Statistical Analysis

All statistical tests were performed using a two-tailed paired t-test. A p-value lower than 0.05 was considered significant.

RESULTS

Figure 3 presents examples of images and displacement fields obtained using tagging and golden-angle radial MR acquisitions for various cardiac and respiratory phases. The motion fields estimated with tagged MRI (Figure 3 A) depict the movement of the myocardium between the reference end-diastolic phase (C₁) and all other cardiac phases. Note that due to T1 recovery, the contrast of the tag lines progressively decreases towards the end of the cardiac cycle, which may impact the accuracy of motion estimation in the late cardiac phases. The displacement fields overlaid on top of the respiratory-gated radial MRI slices (Figure 3 B) show the movement of thoracic tissues, including heart and liver, between the reference end-exhalation phase (R₁) and other respiratory phases. Note that non-rigid registration techniques, such as the one employed in this work cannot guarantee accurate estimation of motion in areas with uniform intensities such as the left-ventricle blood pool.

Figure 3:

Examples of images and motion fields estimated using tagged (A) and golden-angle radial (B) MR acquisitions in subject 1. Tagged and golden-angle images are shown in transverse and coronal orientations, respectively. The motion fields estimated with tagged (resp. golden-angle radial) MRI capture the movement of voxels between the reference end-diastolic (resp. end-exhalation) phases and all other cardiac (resp. respiratory) phases. The blue arrow in (B) indicates the placement of the navigator. LV: left ventricle, RV: right ventricle.

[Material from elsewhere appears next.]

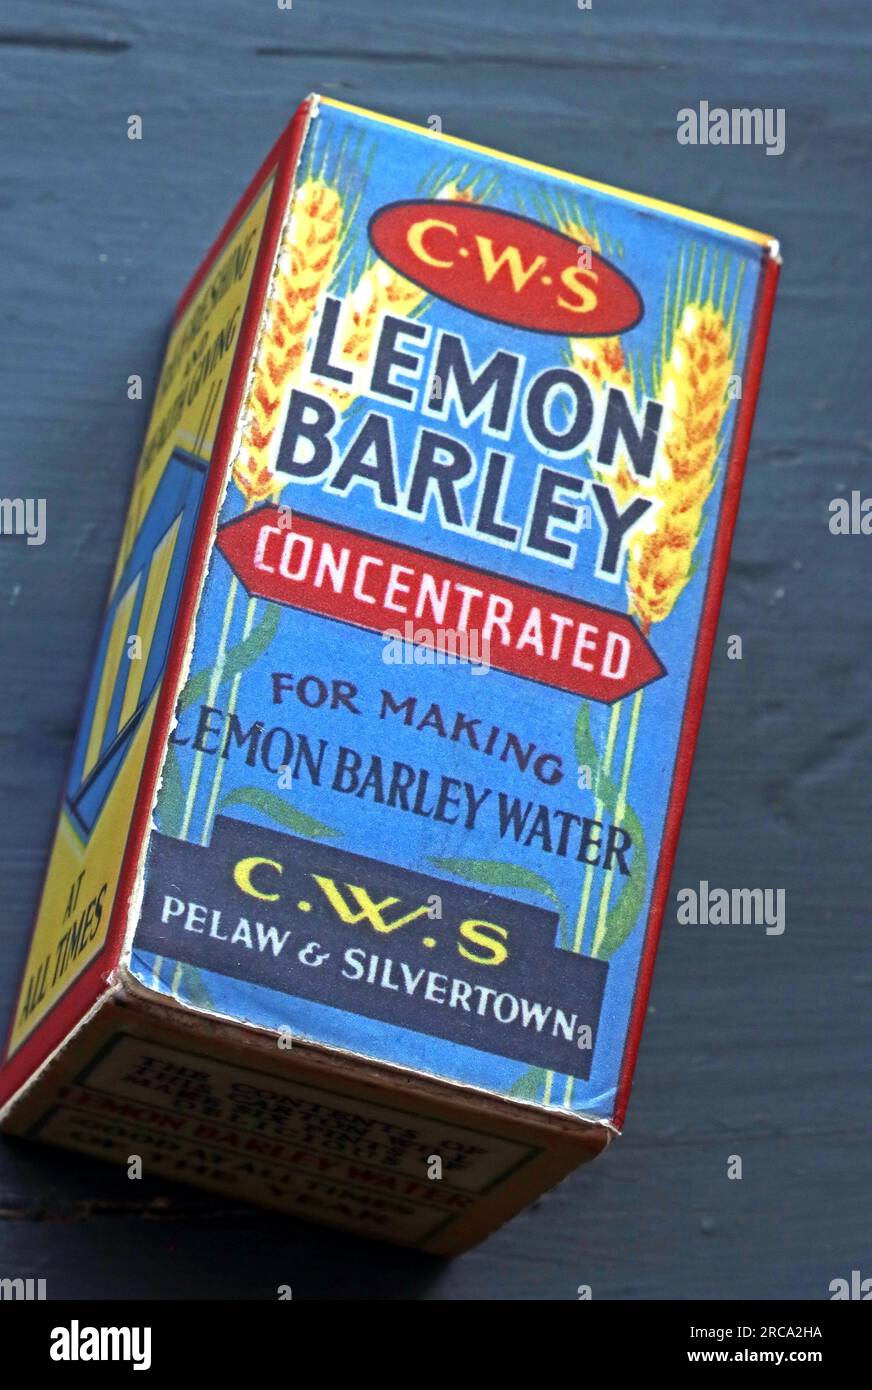 Lemon Barley CWS concentrated powder for making Lemon Barley Water, Pelaw & Silvertown, 1950s Stock Photo

Figure 4 compares the traces obtained using the list mode-driven method and the MR navigator measured during the golden-angle radial scan for all three subjects. There was a strong correlation between the navigator and list mode-driven signals for all subjects, in agreement with findings from other groups [64]. Figures 5 and 6 display five evenly spaced short-axis and horizontal long-axis images of a late dynamic frame reconstructed with MC and NMC for subject 1 and 2, respectively. MC images showed visibly higher spatial resolution than NMC images as evidenced by the improved delineation of papillary muscles (red arrows), higher myocardium wall signal (white arrows), reduced spillover of activity from the myocardium to the left-ventricle blood pool (yellow arrows) and thinner wall. Visually, the impact of motion correction was most substantial in the septum, especially at the basal level.

Figure 4:

Respiratory traces generated for all three subjects using list mode and MR navigator-based techniques. The left panels show plots of the two curves for a 150-sec window, while the right panels show the corresponding scatter plots.

Figure 5:

Short-axis and horizontal long-axis images of a late dynamic frame reconstructed with MC and NMC for subject 1. White arrows indicate locations where reconstructed wall activity is clearly higher in MC compared to NMC. Red arrows point to papillary muscles whose structure is more visible in MC images, indicating improved spatial resolution. Orange arrows indicate areas where spillover from the myocardium to the left-ventricle cavity is visibly reduced in MC images.

Figure 6:

Short-axis and horizontal long-axis images of a late dynamic frame reconstructed with MC and NMC for subject 2. White arrows indicate locations where reconstructed wall activity is clearly higher in MC compared to NMC. Red arrows point to papillary muscles whose structure is more visible in MC images, indicating improved spatial resolution. Orange arrows indicate areas where spillover from the myocardium to the left-ventricle cavity is visibly reduced in MC images.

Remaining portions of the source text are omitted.